Weil Institute of Critical Care Medicine, Rancho Mirage, CA, United States.
Resuscitation. 2011 Mar;82(3):350-4. doi: 10.1016/j.resuscitation.2010.11.010. Epub 2010 Dec 21.
This study is to compare the effect of the δ-opioid receptor agonist, D-Ala(2)-D-Leu(5) enkephalin (DADLE) with normothermic control and therapeutic hypothermia on post resuscitation myocardial function and 72-h survival in a rat model of cardiac arrest and resuscitation.

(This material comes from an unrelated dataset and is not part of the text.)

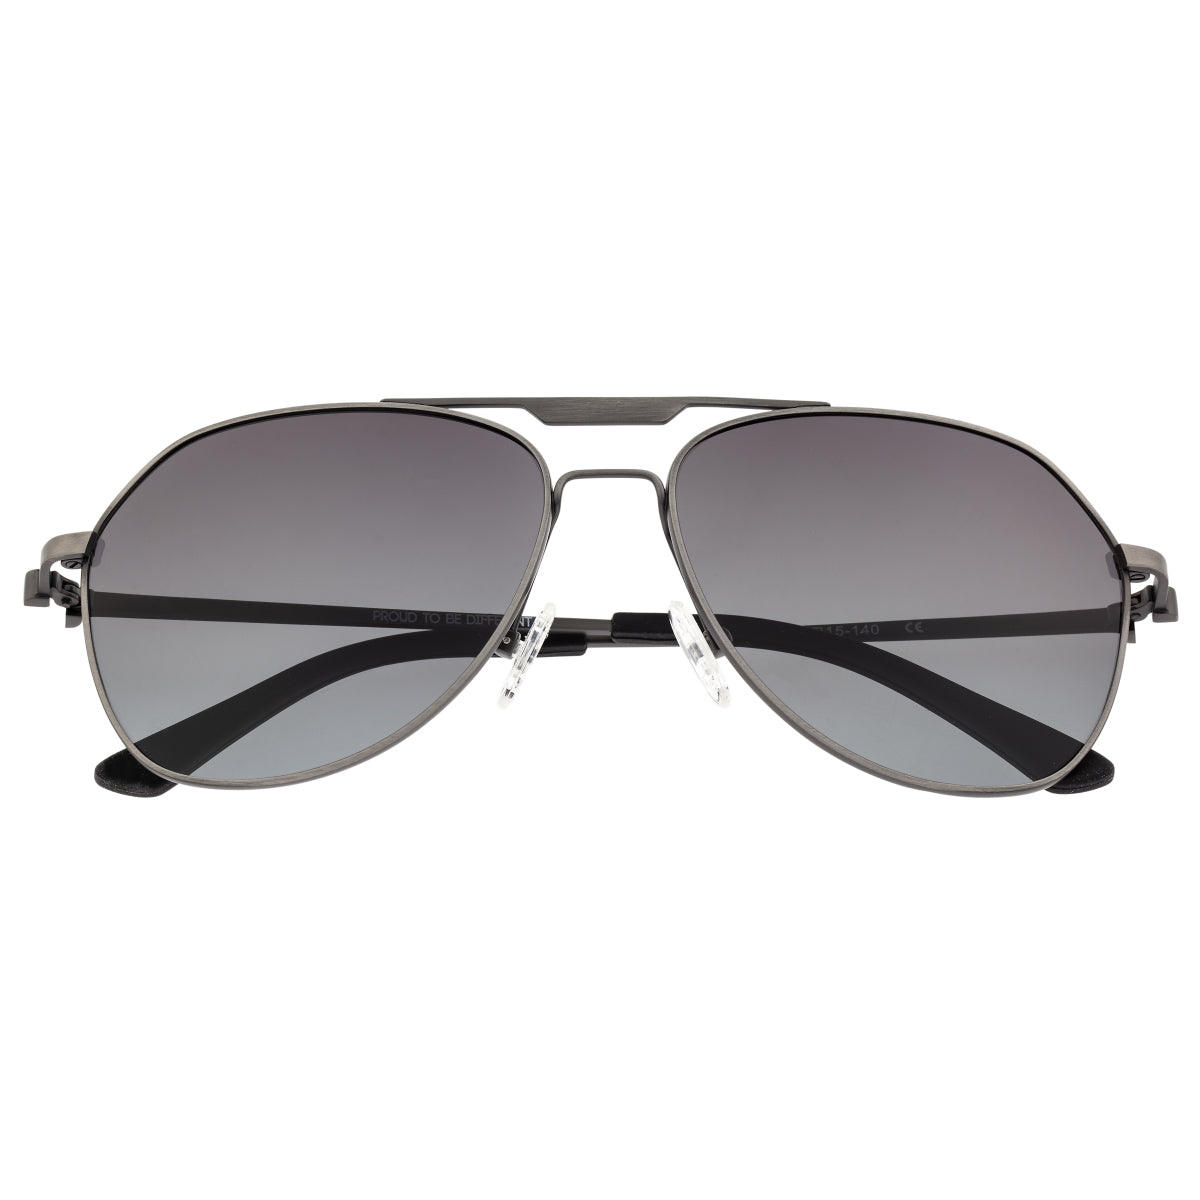 Breed Mount Titanium Polarized Sunglasses - Gunmetal/Black - BSG056GY

Ventricular fibrillation (VF) was induced in 15 male Sprague-Dawley rats. After 8 min of untreated VF, cardiopulmonary resuscitation was performed for 8 min before defibrillation. Animals were randomized to three groups of five: (a) normothermia; (b) hypothermia (32 °C); and (c) normothermia with DADLE intravenous infusion (1 mg/kg h(-1)). Hypothermia and drug infusion were started after successful defibrillation. Myocardial functions, including cardiac output (CO), left ventricular ejection fraction (LVEF), and myocardial performance index (MPI) were measured echocardiographically together with duration of survival.
The 72-h survival was significantly greater in the hypothermic group than in both DADLE and normothermic group (p = 0.02). However, the survival time of the DADLE treated animals was significantly longer than that of the normothermia group (51.8 ± 18.9 vs 18.8 ± 10.1h, p < 0.01). DADLE group showed significantly better CO (PR 60 min, p = 0.049), better LVEF (PR 60 min, p = 0.044; PR 240 min, p < 0.001) and lower MPI (PR 60 min, p = 0.043; PR 240 min, p = 0.045) than normothermic group. Hypothermia group also showed significantly better CO (PR 60m in, p = 0.044; PR 240 min, p = 0.007), better LVEF (PR 60 min, p = 0.001; PR 240 min, p < 0.001) and lower MPI (PR 60 min, p = 0.003; PR 240 min, p = 0.012) than the normothermic group.
DADLE attenuated post resuscitation myocardial dysfunction and increased short term survival time. However, the 72-h survival in the DADLE group was less than that in the hypothermia group.
本研究旨在比较 δ-阿片受体激动剂 D-Ala(2)-D-Leu(5)脑啡肽(DADLE)与常温控制和治疗性低温对心脏骤停和复苏后心肌功能和 72 小时存活率的影响。
15 只雄性 Sprague-Dawley 大鼠诱导心室颤动(VF)。VF 未经治疗 8 分钟后,进行心肺复苏 8 分钟,然后除颤。动物随机分为三组,每组 5 只:(a)常温组;(b)低温组(32°C);(c)常温加 DADLE 静脉输注(1mg/kg h(-1))组。低温和药物输注在成功除颤后开始。通过超声心动图测量心肌功能,包括心输出量(CO)、左心室射血分数(LVEF)和心肌做功指数(MPI),并测量存活时间。
低温组的 72 小时存活率明显高于 DADLE 组和常温组(p = 0.02)。然而,DADLE 治疗组的存活时间明显长于常温组(51.8 ± 18.9 vs 18.8 ± 10.1h,p < 0.01)。DADLE 组 CO 明显更好(PR 60min,p = 0.049),LVEF 更好(PR 60min,p = 0.044;PR 240min,p < 0.001),MPI 更低(PR 60min,p = 0.043;PR 240min,p = 0.045),常温组。低温组 CO 也明显更好(PR 60min,p = 0.044;PR 240min,p = 0.007),LVEF 更好(PR 60min,p = 0.001;PR 240min,p < 0.001),MPI 更低(PR 60min,p = 0.003;PR 240min,p = 0.012),常温组。
DADLE 减轻了复苏后心肌功能障碍,并增加了短期生存时间。然而,DADLE 组的 72 小时存活率低于低温组。